▼

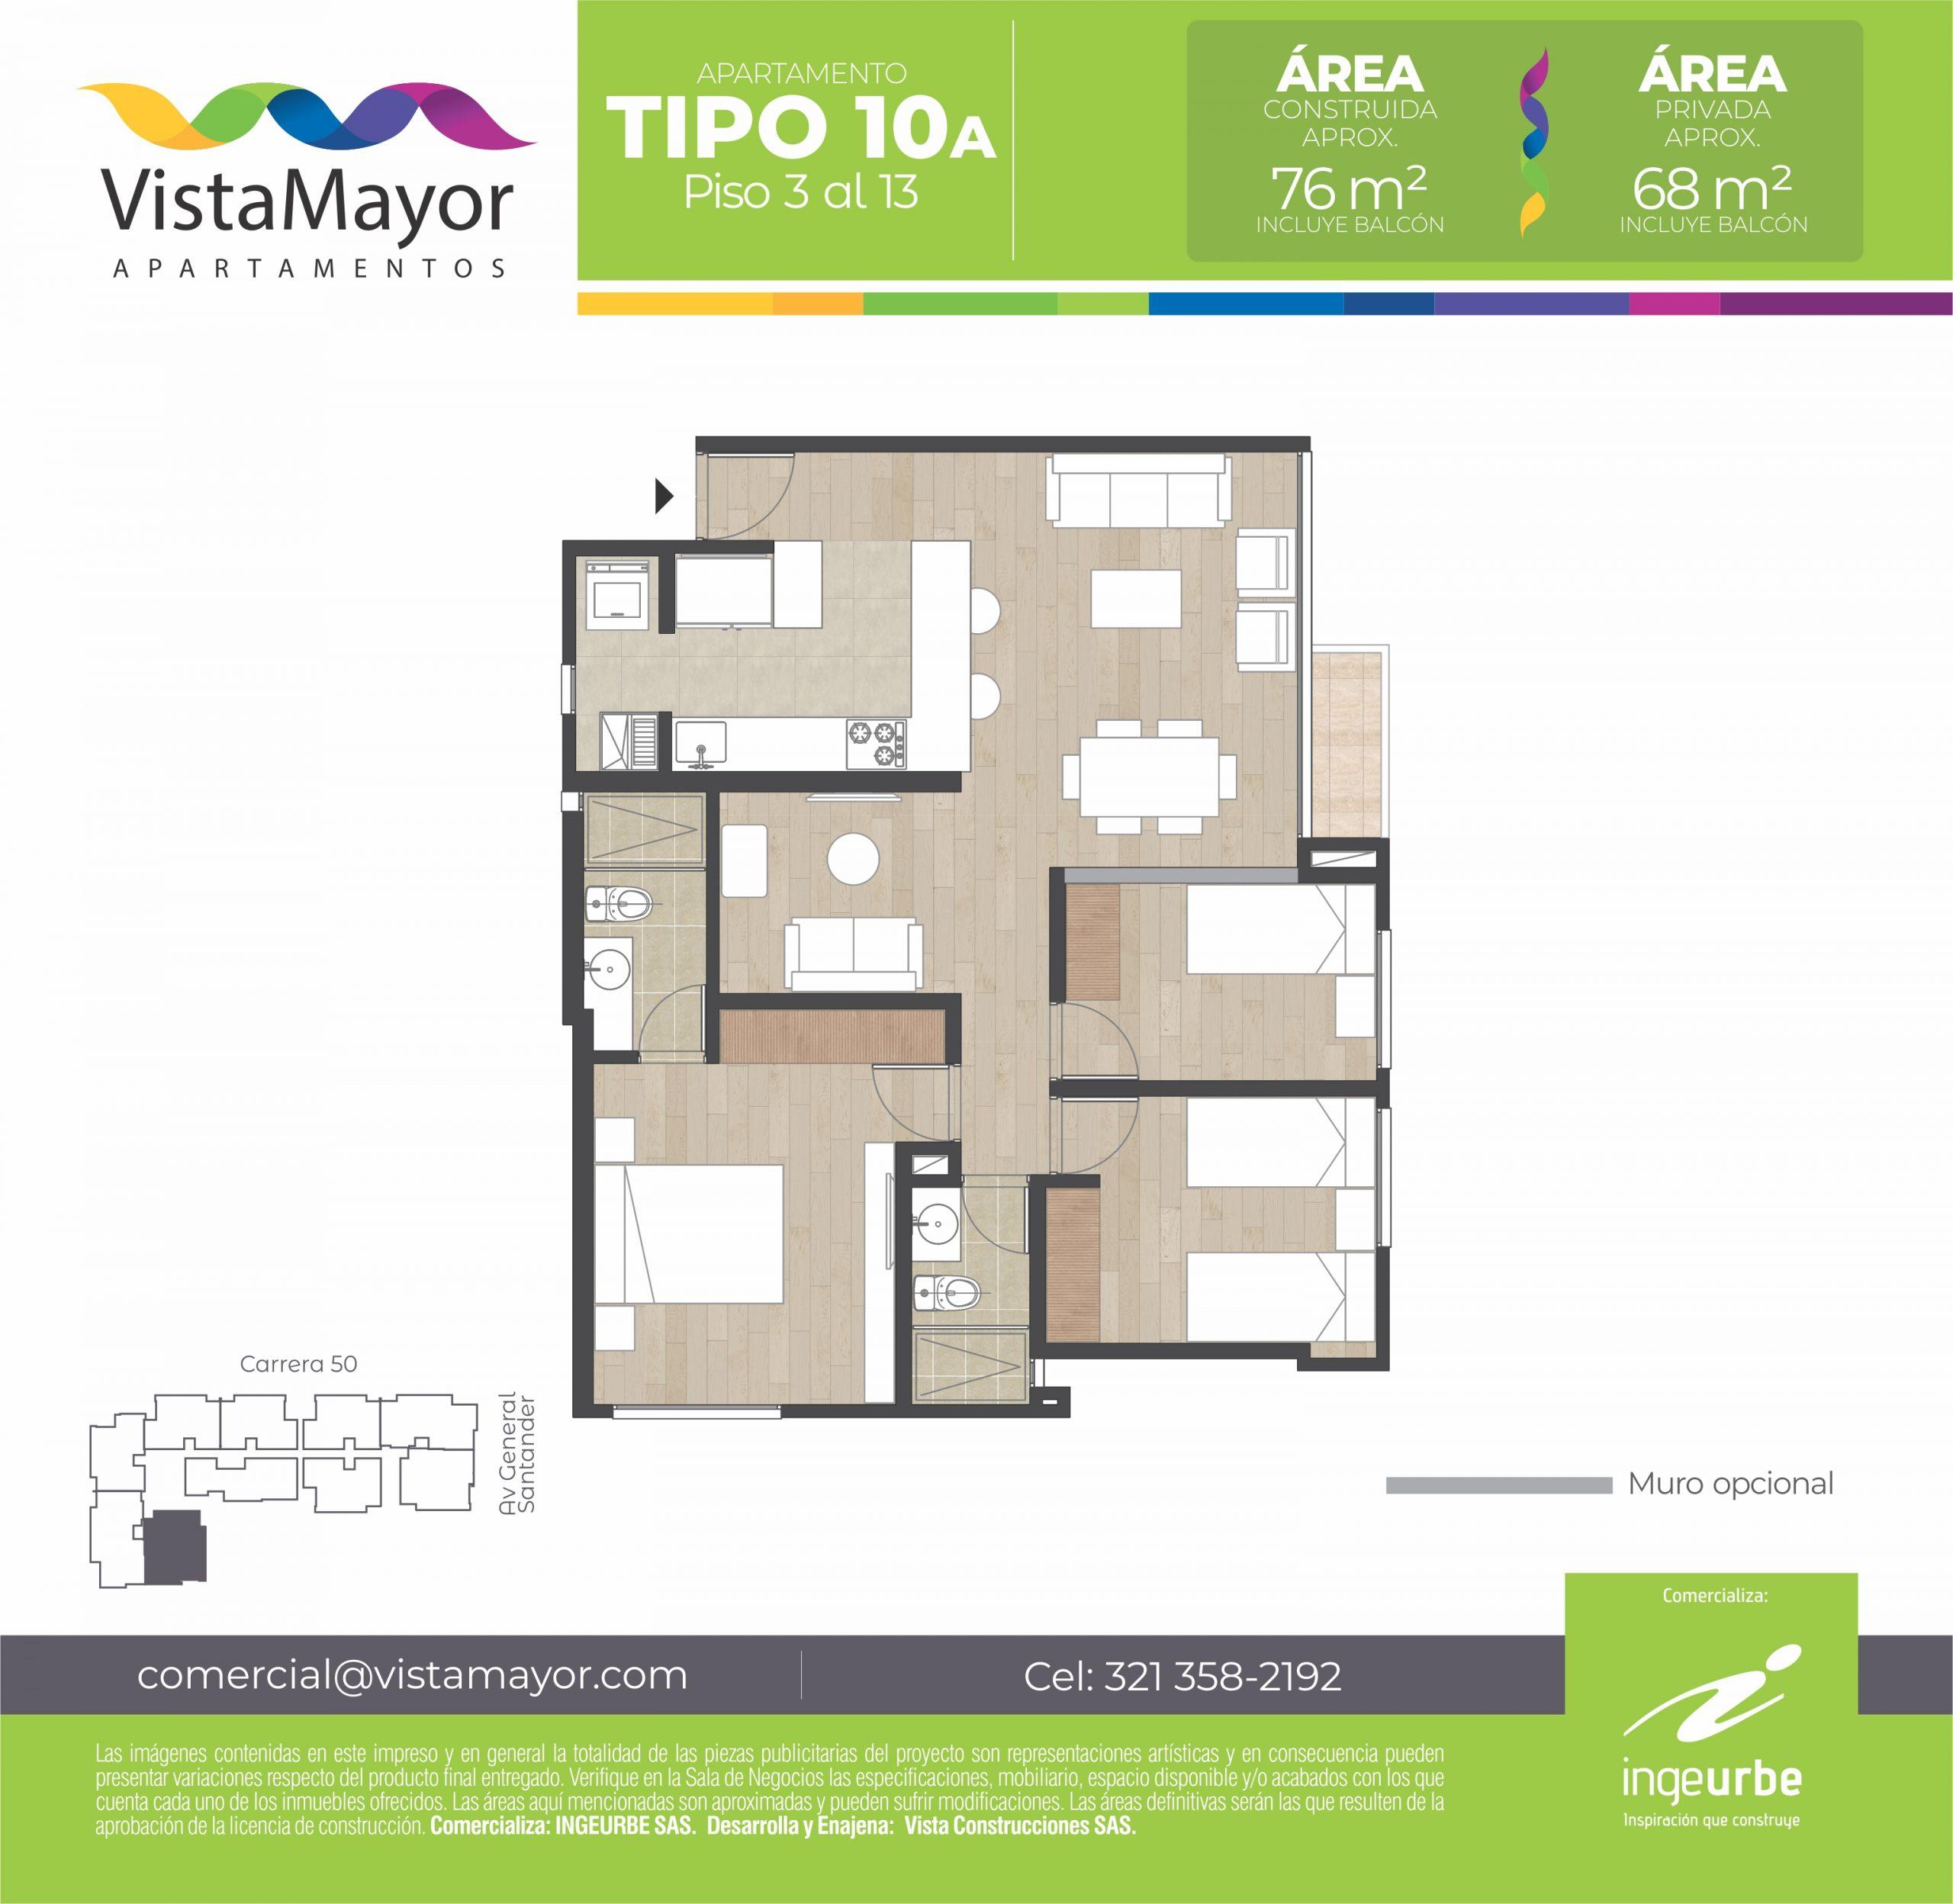 VM_TIPO 10A
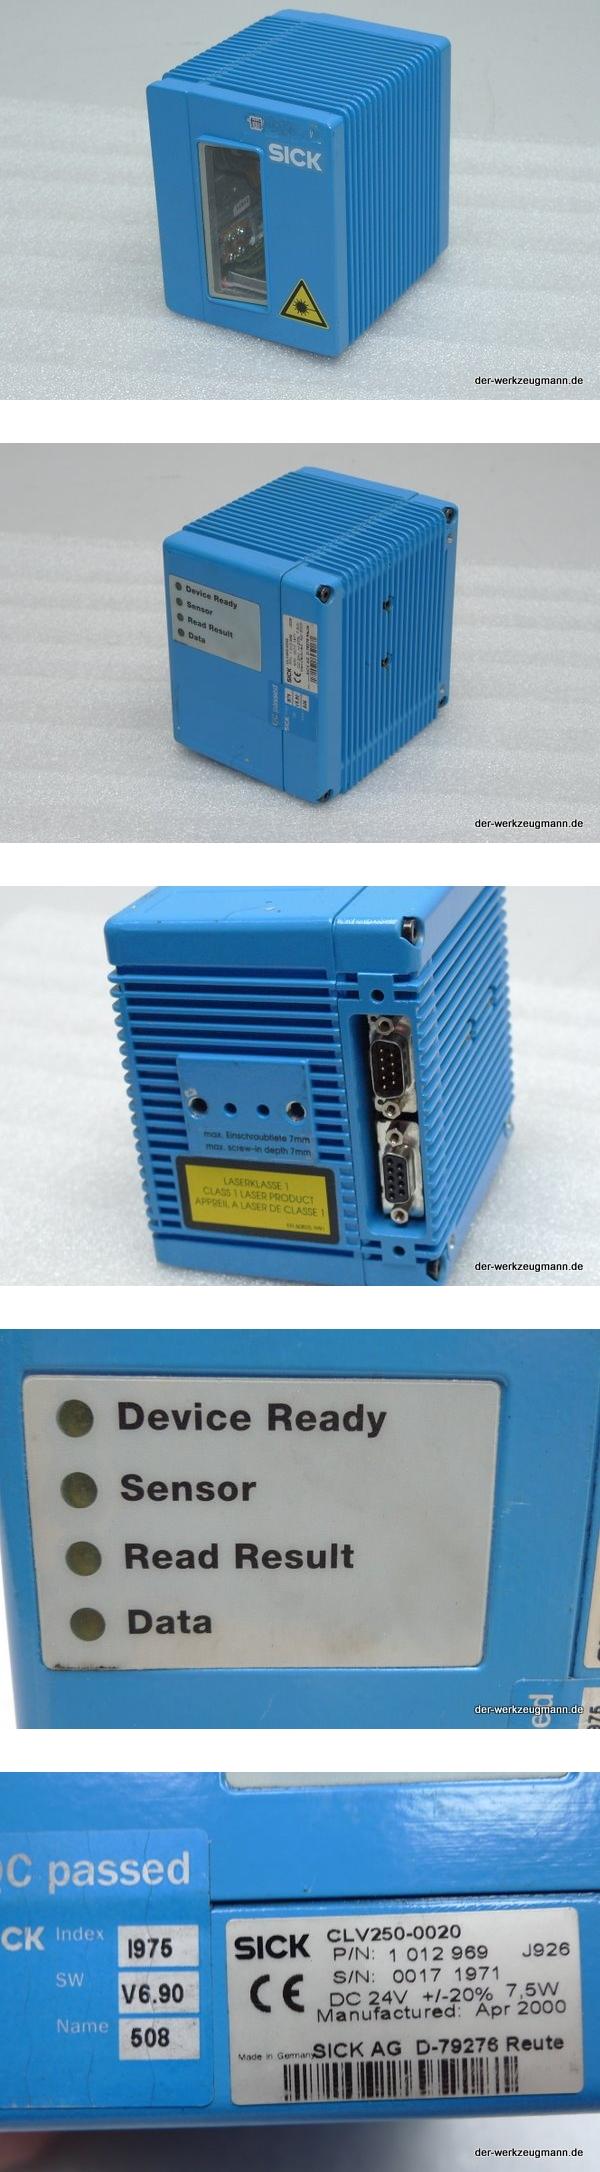 Sick CLV250-0020 Barcodescanner 1012969
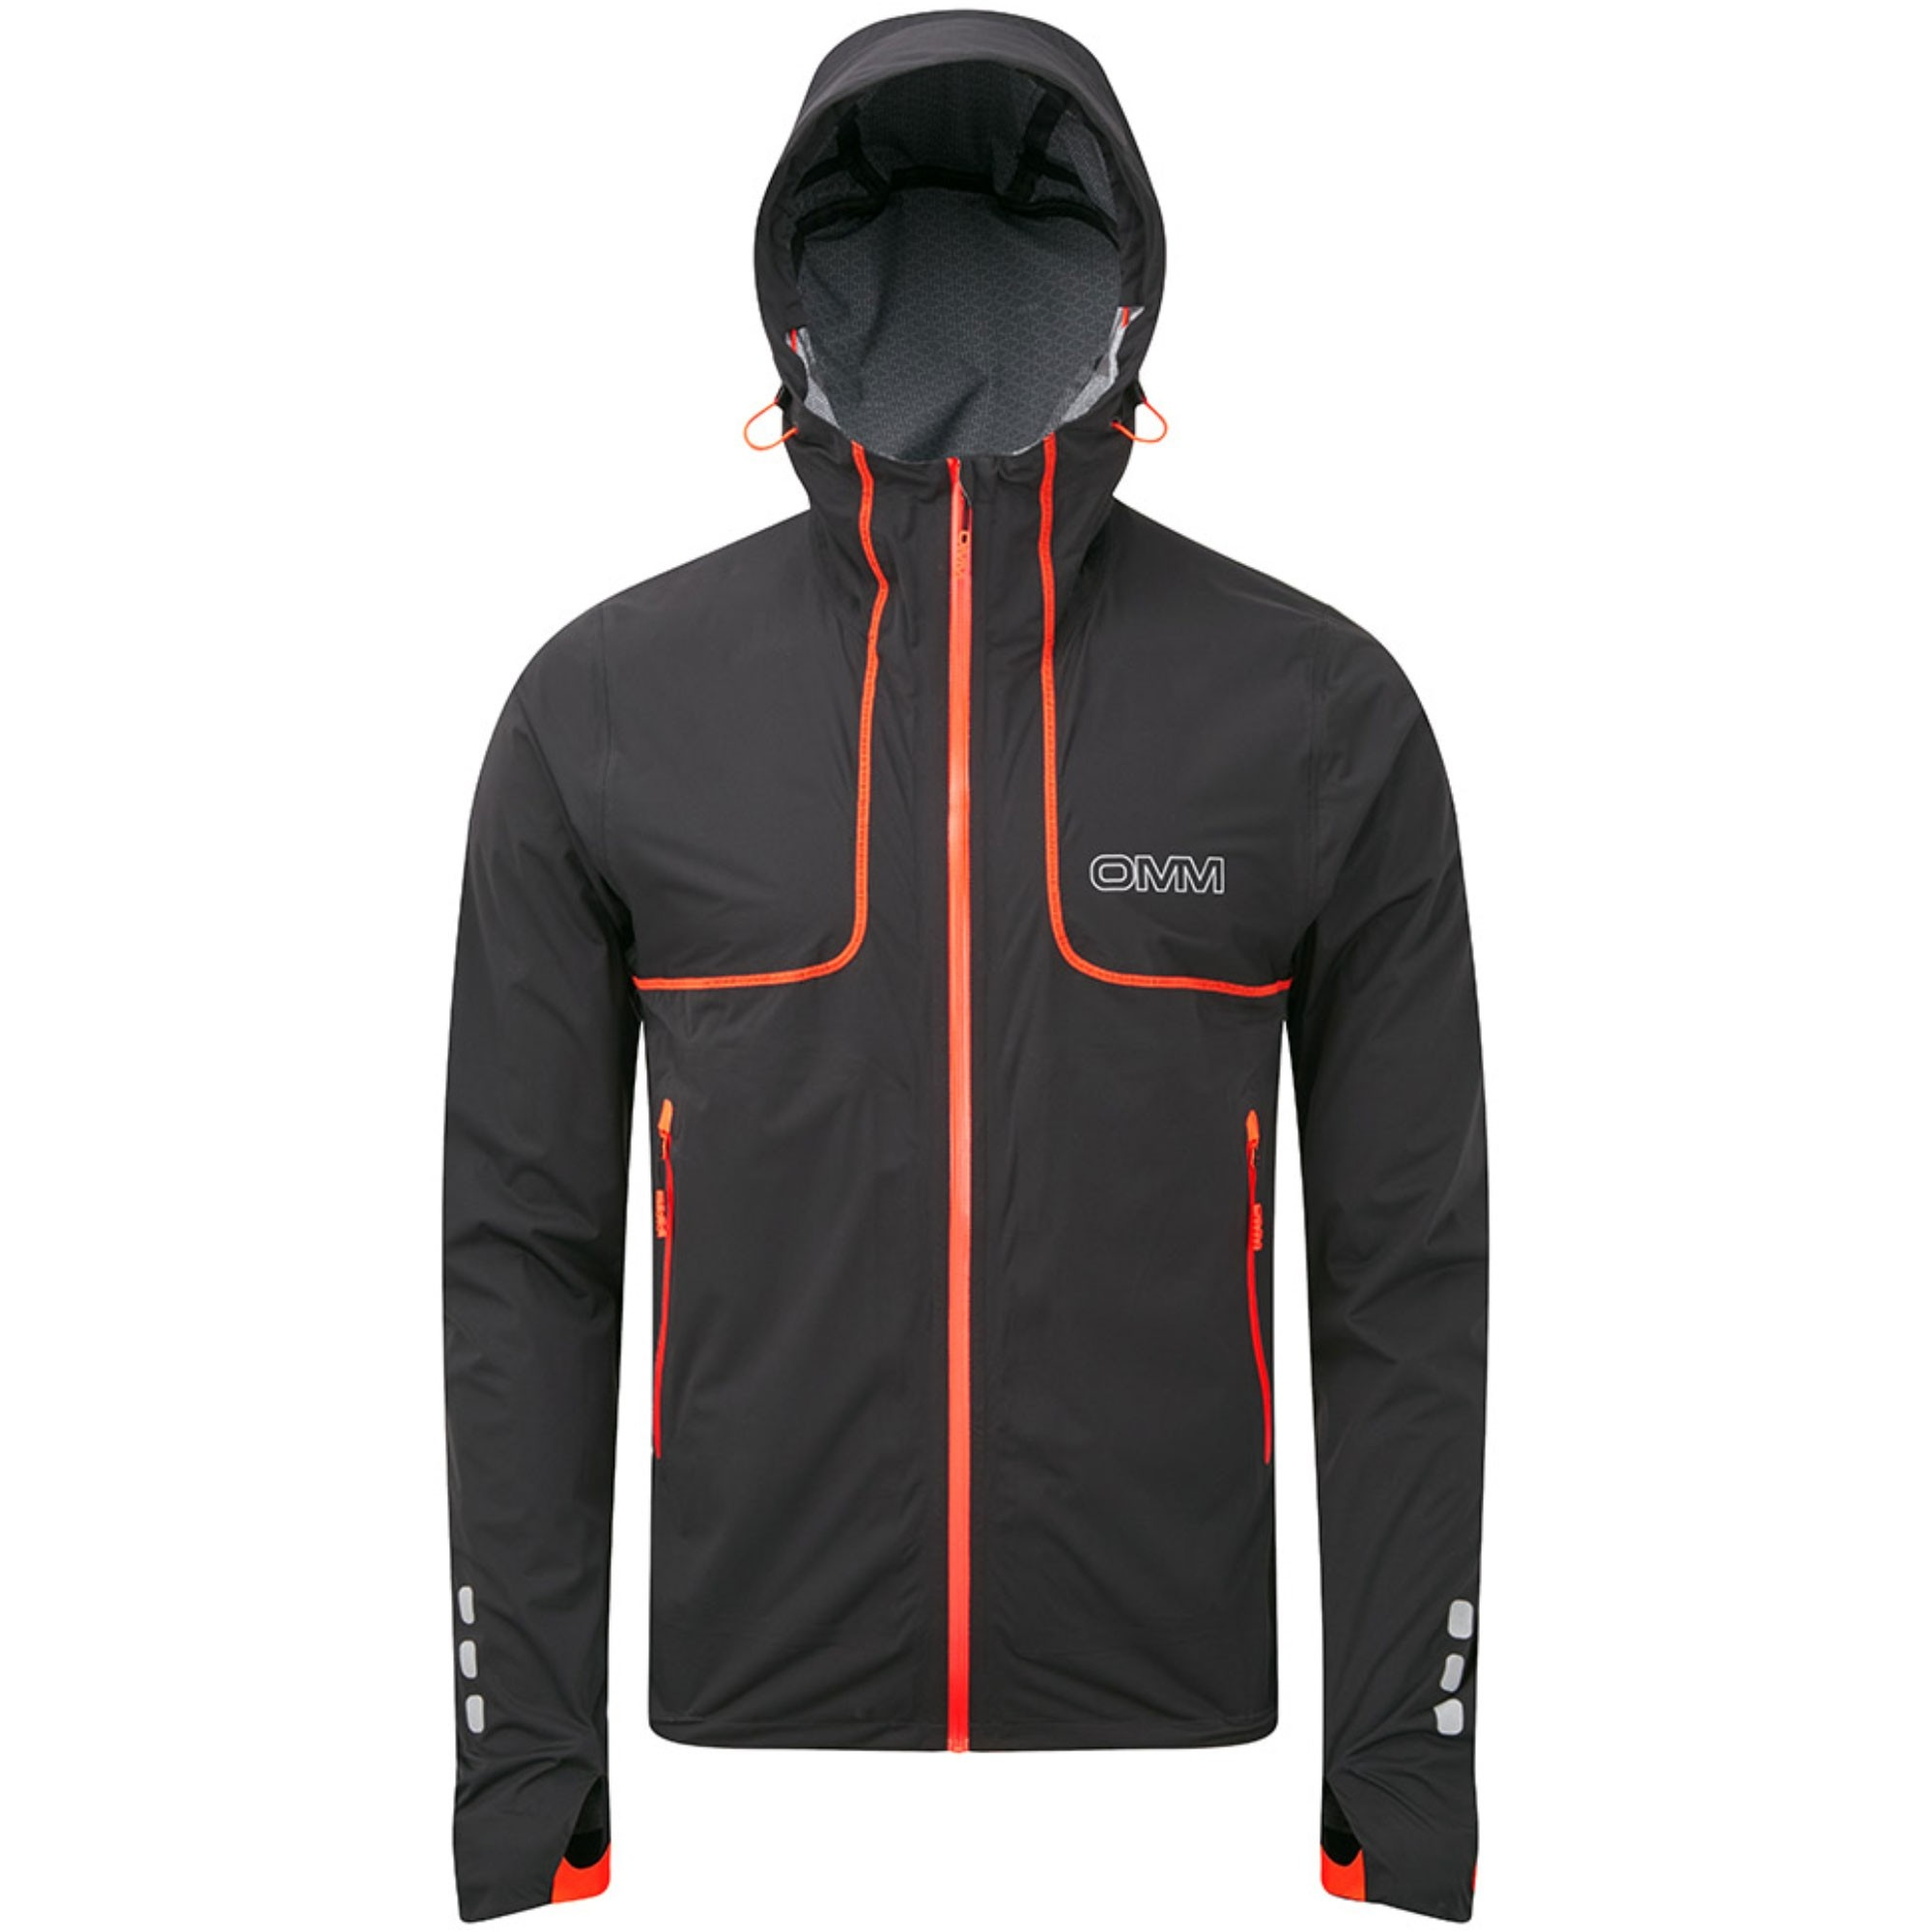 OMM Kamleika Men's Waterproof Jacket - Black
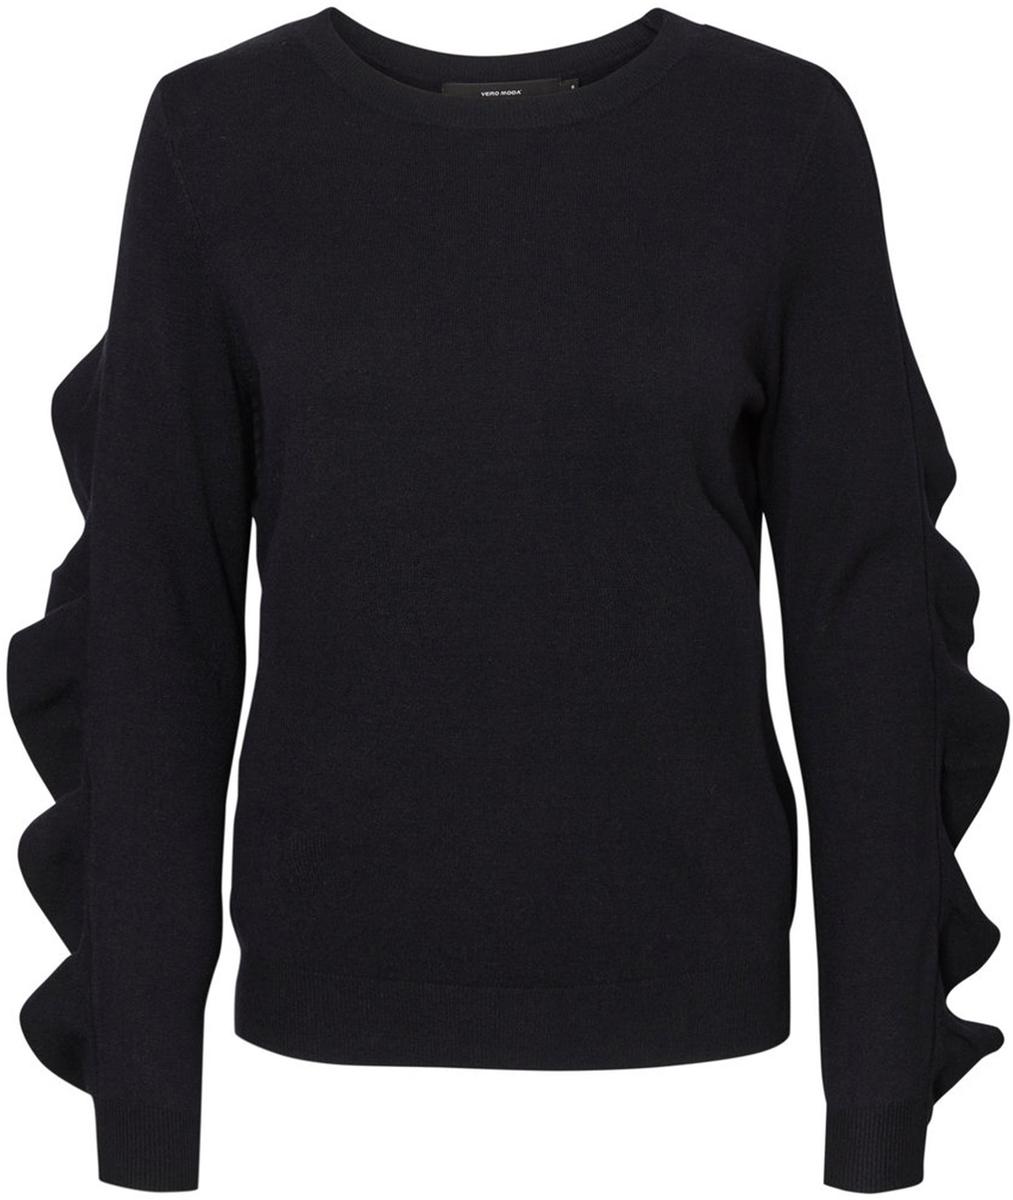 Джемпер женский Vero Moda, цвет: черный. 10185482_Black. Размер M (46)10185482_BlackДжемпер женский Vero Moda выполнен из качественного материала. Модель с круглым вырезом горловины и длинными рукавами.

▲

§ **WHAT IS REQUIRED**
Using the listing above, copy exactly the lines from the one that contains "OMM Kamleika Men's Waterproof Jacket - Black" through its last line, both included, but not the pictures.

§ **FINISHED EXERCISE**
 OMM Kamleika Men's Waterproof Jacket - Black
 Джемпер женский Vero Moda, цвет: черный. 10185482_Black. Размер M (46)10185482_BlackДжемпер женский Vero Moda выполнен из качественного материала. Модель с круглым вырезом горловины и длинными рукавами.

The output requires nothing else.